Pressure on Europe’s leaders to halt the spread of the region’s debt crisis at a summit this week intensified as the European Union had its AAA long-term rating put on “creditwatch negative” by S&P following a similar action on 15 of the 17 euro-area government. The action “does not have any impact on the sovereign credit ratings on non-Eurozone members of the European Union,” John Piecuch, director of communications at S&P, said in an e-mail.
“All this proves is the fact that we remain in a headline- driven environment,” Ryan Larson, Chicago-based head of U.S. equity trading at RBC Global Asset Management Inc., wrote in an e-mail.
Three euro-area officials with knowledge of policy makers’ deliberations said the European Central Bank may announce a range of measures tomorrow to fight the crisis. Options for the ECB include loosening collateral criteria so that institutions have more access to cheap ECB cash and offering them longer-term loans, said the officials, who spoke on condition of anonymity. German Chancellor Angela Merkel and French President Nicolas Sarkozy will argue for rewriting European Union treaties to tighten control of national budgets at a summit meeting tomorrow and on Dec. 9.
“It’s difficult to get a bottom line outcome on the European situation,” Philip Dow, director of equity strategy at Minneapolis-based RBC Wealth Management which oversees about $160 billion, said in a telephone interview. “Macro concerns are driving the market,” he said. “It’s a challenging environment to manage money.”
Never before has the euro influenced U.S. stocks as much as this year, a sign that American equities aren’t going anywhere until Europe’s credit crisis is solved.
The link between the Dow average and swings in the currency reached a record on Dec. 2, according to data compiled by Bloomberg.
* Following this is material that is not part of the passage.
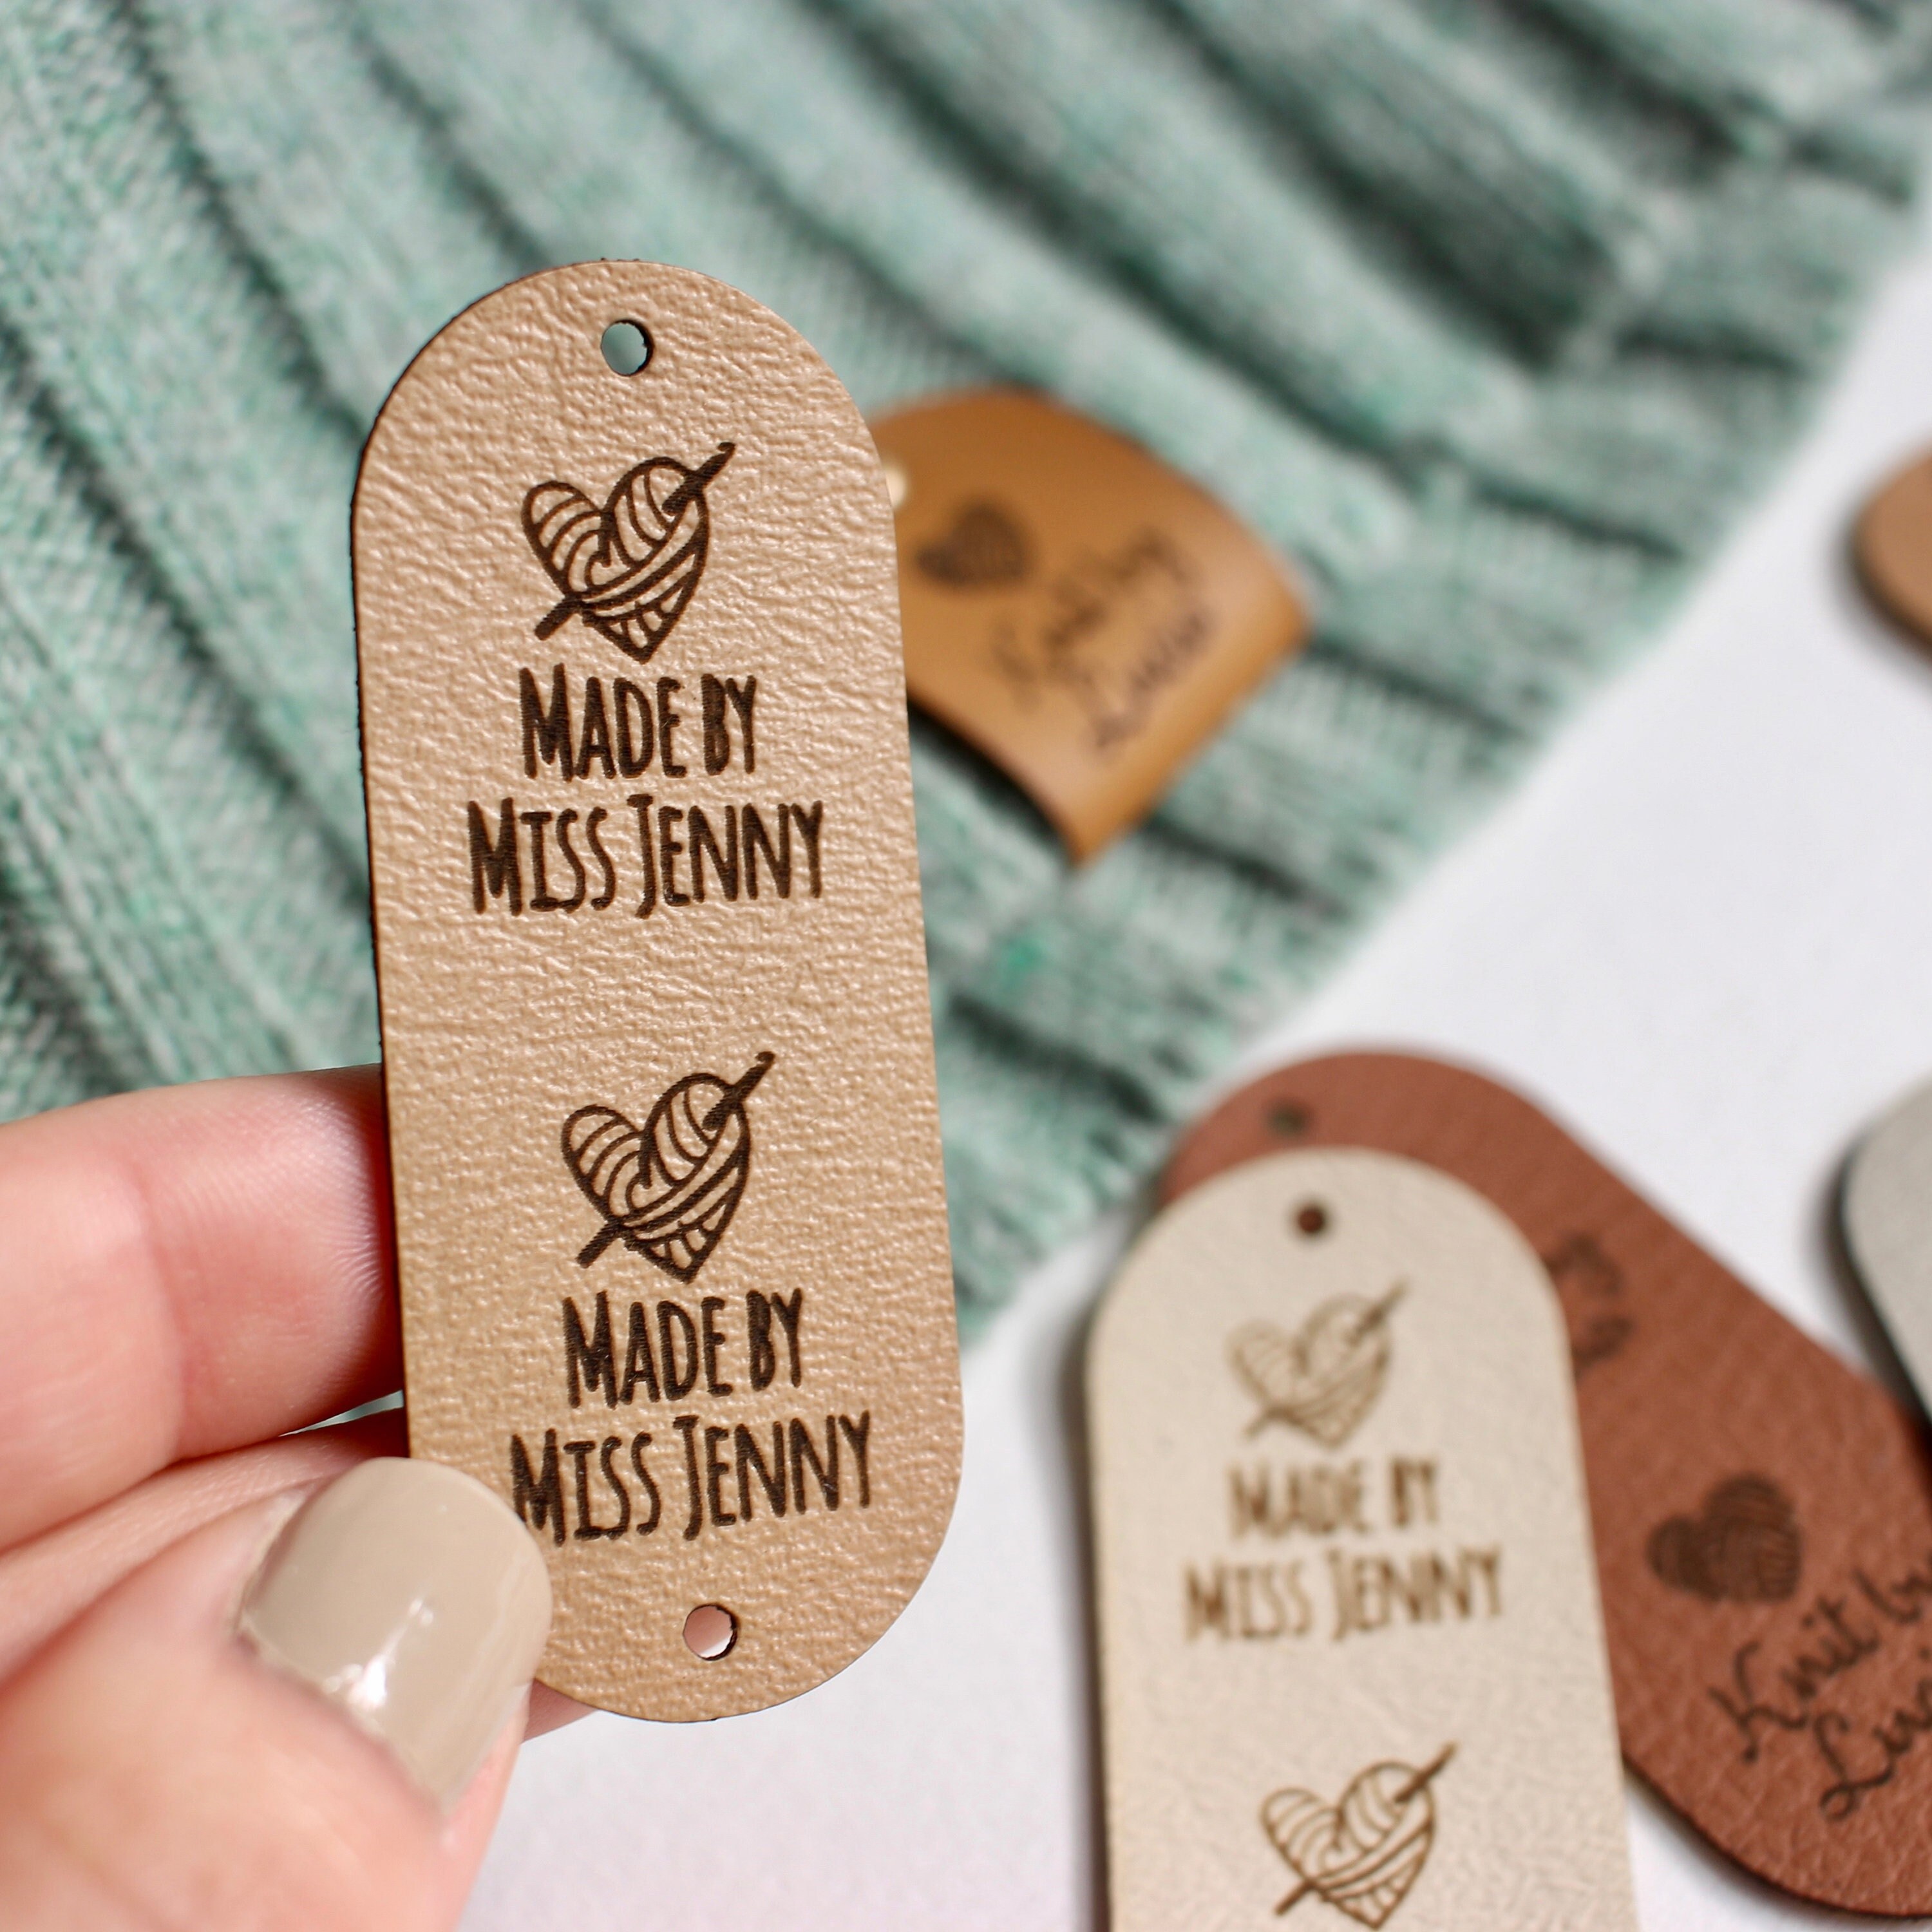 Personalized knitting tags with rivets - Easy to attach – Cutpie Studio

The so-called correlation coefficient showing how much two markets rise and fall in tandem hit 0.85, the highest level since the euro was founded in 1999, data on 60-day rolling averages show. A reading of 1 means assets are moving in lockstep.
U.S. stocks are likely to form a “significant” bottom in 2012 before entering a new bull market, according to Bank of America Corp.
After a drop of as much as 18 percent, the S&P 500 might reach a low in the second quarter before climbing back to the upper part of its trading range near the 1,300 to 1,350 level by the end of 2012, Mary Ann Bartels, head of technical and market analysis at Bank of America’s Merrill Lynch unit, wrote in a note dated yesterday. A bull market is commonly defined as a 20 percent rally from the latest low.
Bartels cited the Decennial pattern, which examines the performance of every year within the decade. Years that ended in two, such as 1932, 1942, 1962, 1982 and 2002, featured market bottoms, she said.
“2012 could become the next year where a major market low is carved out to launch a new cyclical bull market,” wrote Bartels, who ranked third among analysts who study price charts in Institutional Investor’s 2010 survey.